• _Directions_
Output the whole listing exactly, except for the pictures in it.

• _Provided material_
○ ○ ○ ○ ○
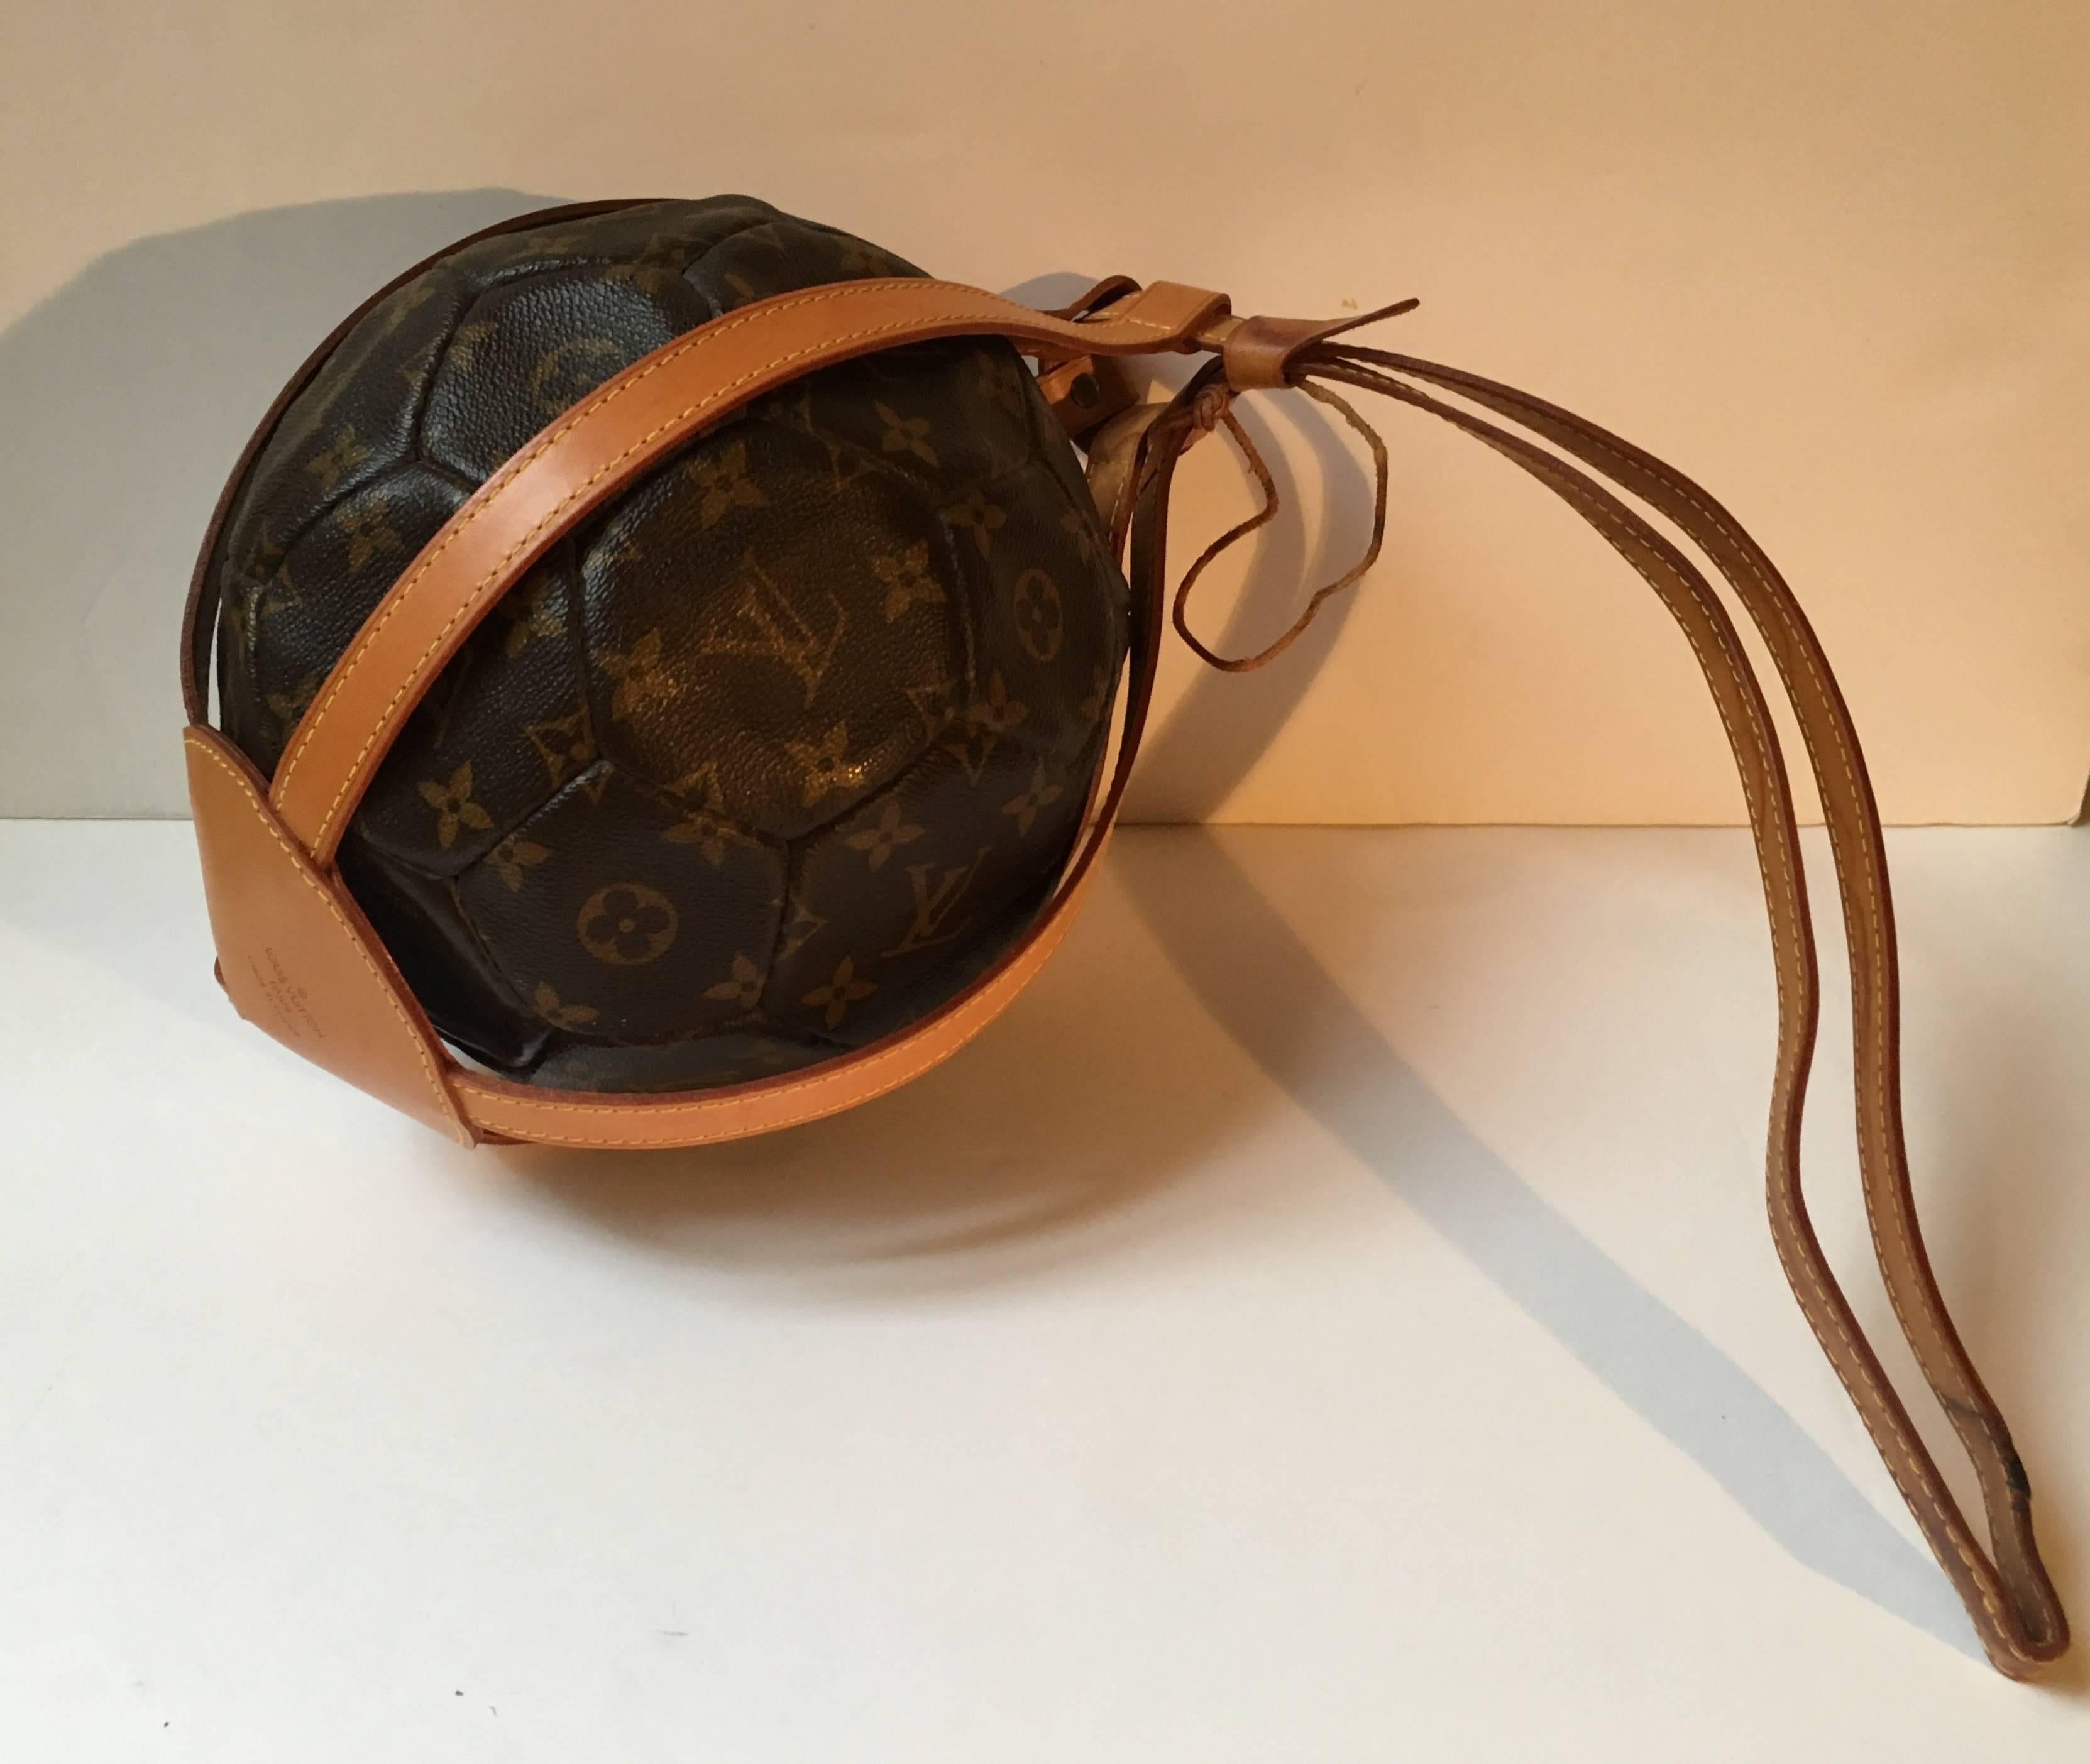 Louis Vuitton rare Leather Soccer Ball, World Cup France 1998 Limited Edition 
Cowhide cone shaped carry holdall/strap and Ball both emblazoned  with the Louis Vuitton in Gold (Louis Vuitton Paris and France 1998 on the ball base ) and both engraved
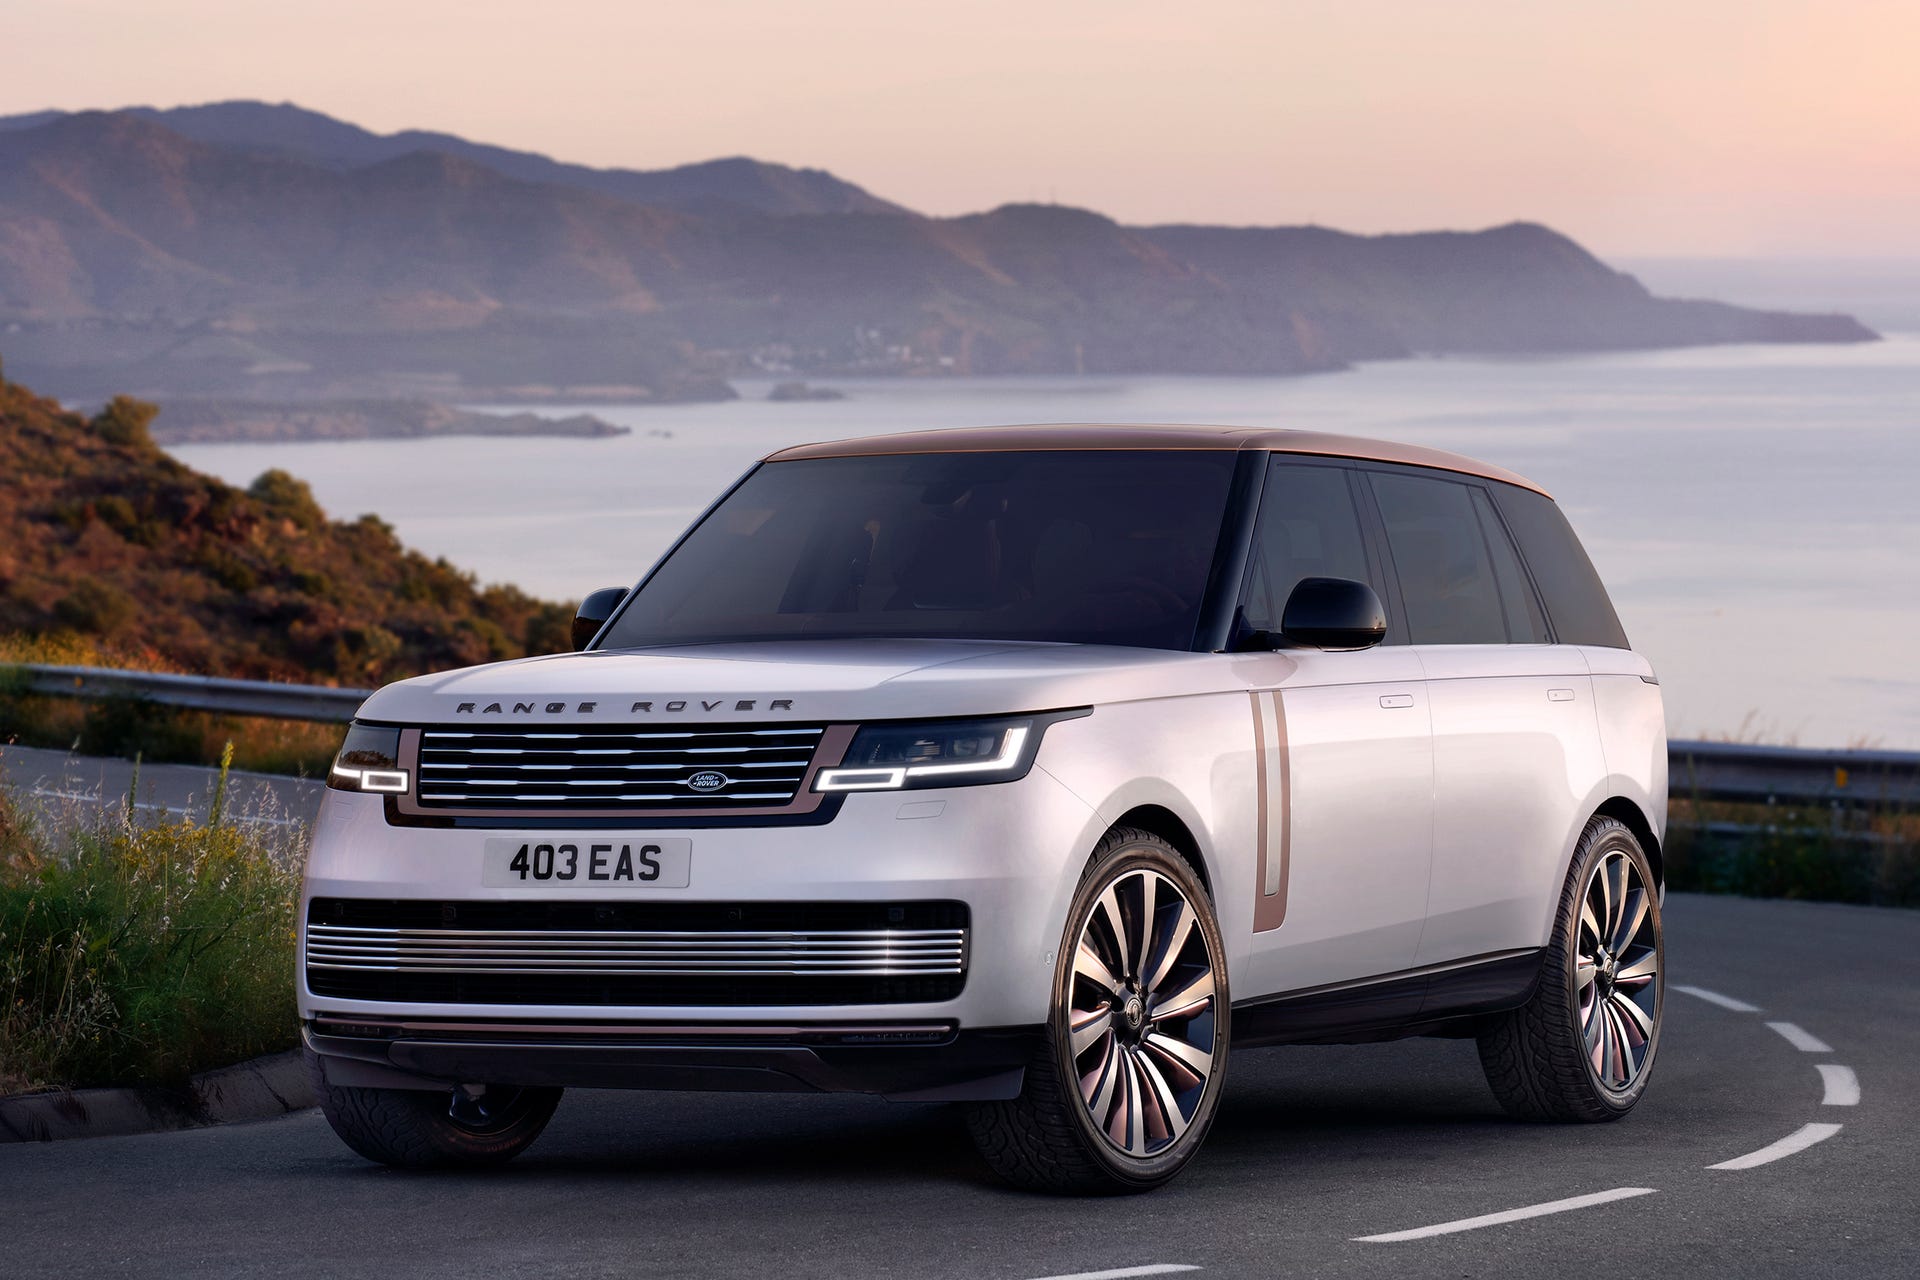 The new Range Rover SV is the future of subtle luxury - CNET
○ ○ ○ ○ ○
• _Response to the exercise_
 Louis Vuitton rare Leather Soccer Ball, World Cup France 1998 Limited Edition 
Cowhide cone shaped carry holdall/strap and Ball both emblazoned  with the Louis Vuitton in Gold (Louis Vuitton Paris and France 1998 on the ball base ) and both engraved
 The new Range Rover SV is the future of subtle luxury - CNET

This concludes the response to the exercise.